--- Your task ---
Reproduce exactly the lines from the one that holds "Stark Museum of Art." through the last line of the entries, both ends included, but not the pictures.

[Excerpts from a dataset]
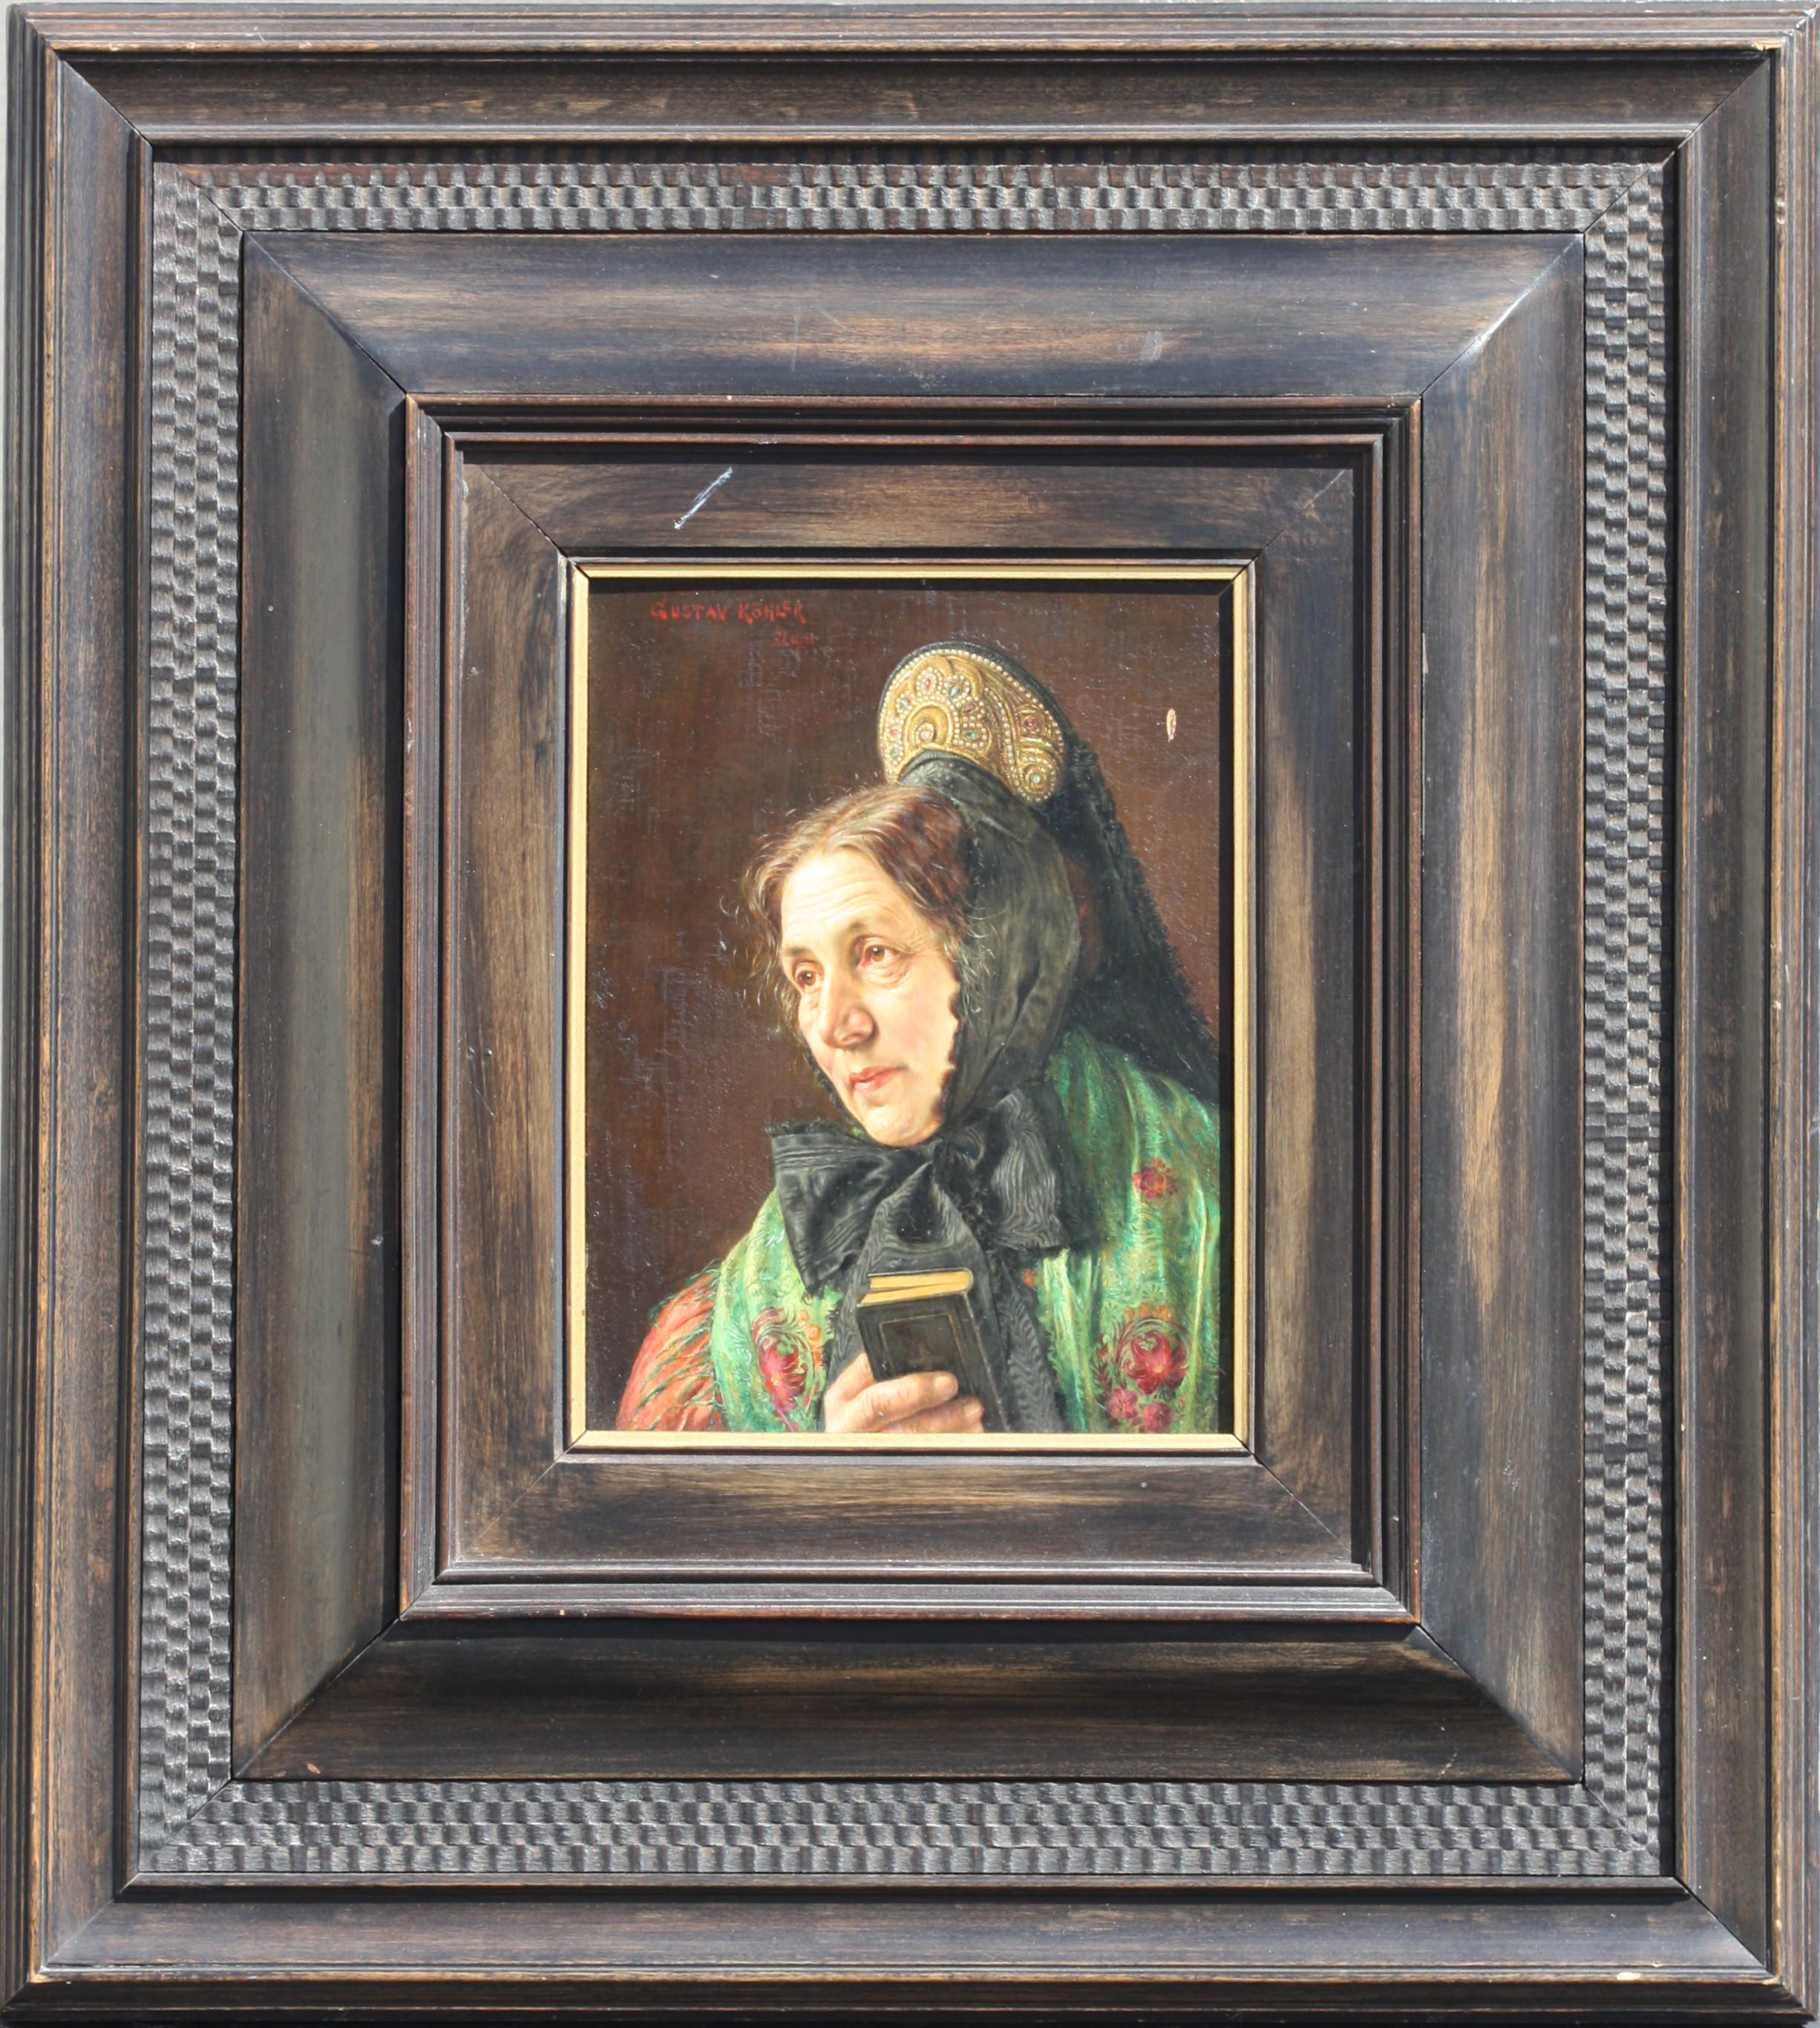 Gustav KOHLER (1859-1932)
Oil on Board
Portrait of A Lady 
Signed upper left Gustav Kohler
Size without frame:
8 x 6 in. (20.32 x 15.24 cm.) 
Size with frame:
18.25 x 16.5 in. (46.35 x 41.91 cm.)
Provenance:
Stark Museum of Art.
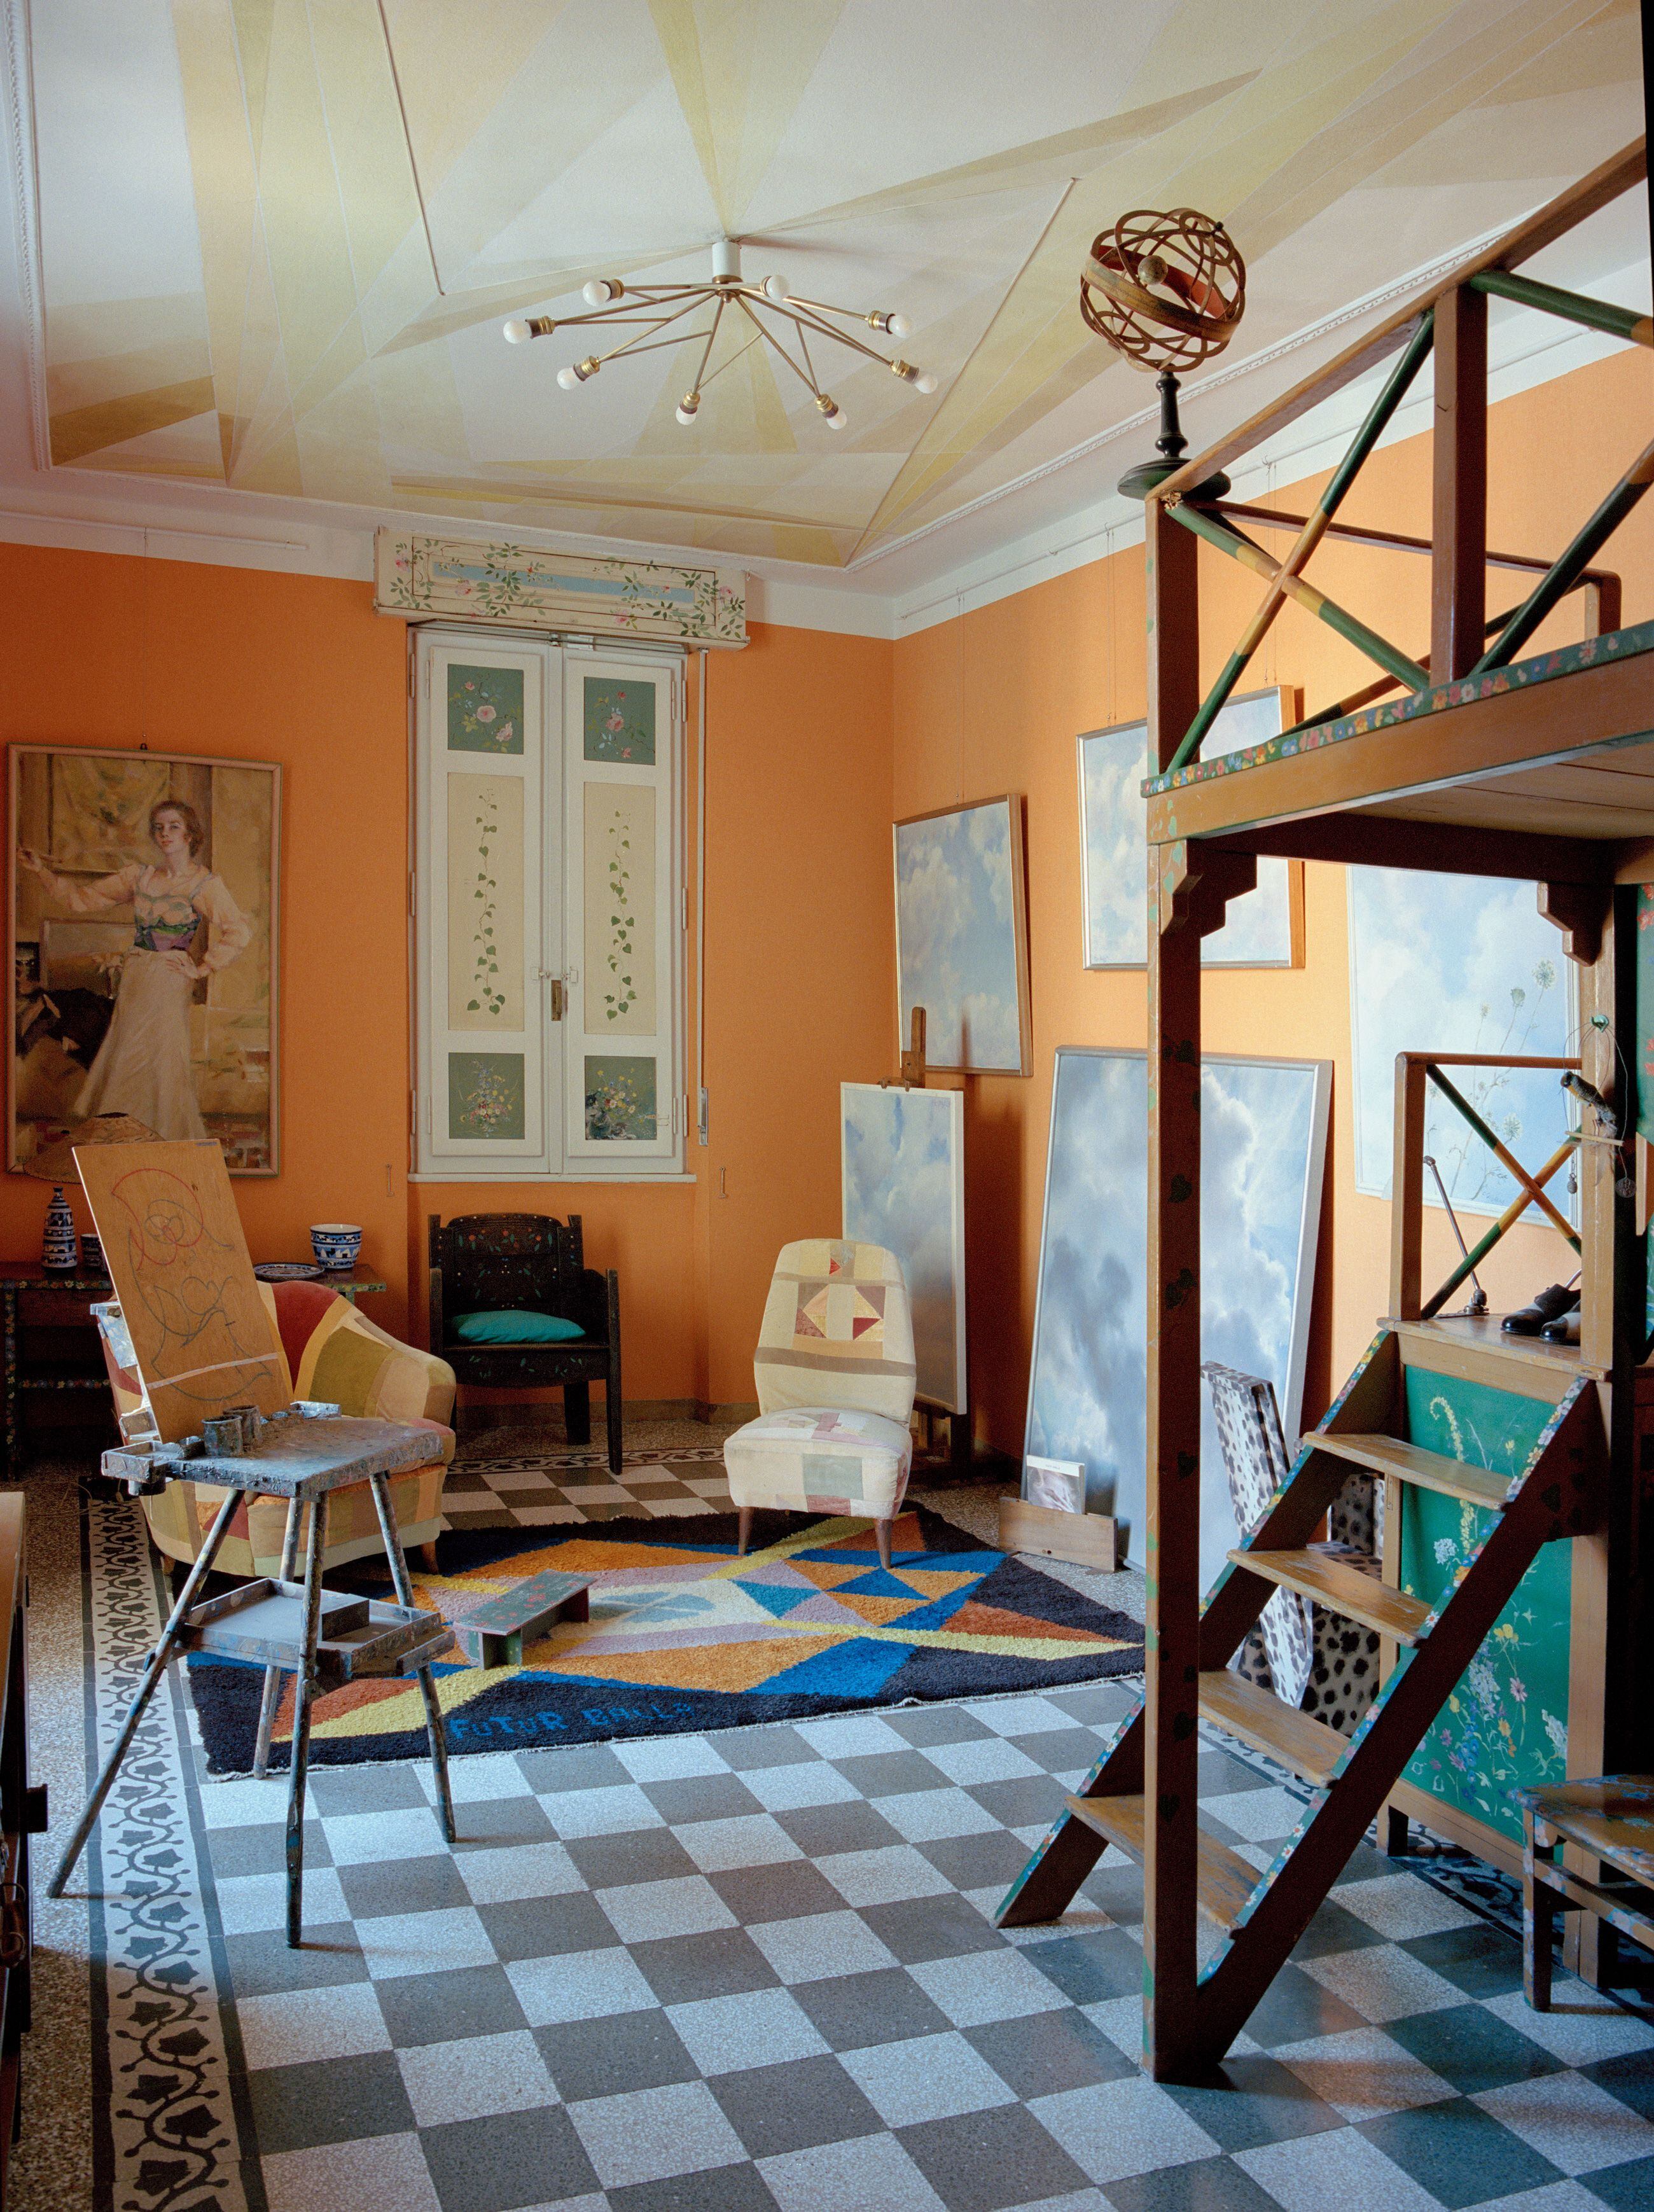 La habitación de su hija Elica, con el pequeño palco que le construyó, y detalles del techo, adornado con formas geométricas. El artista murió en esta estancia de la casa.

--- Task result ---
Stark Museum of Art.
 La habitación de su hija Elica, con el pequeño palco que le construyó, y detalles del techo, adornado con formas geométricas. El artista murió en esta estancia de la casa.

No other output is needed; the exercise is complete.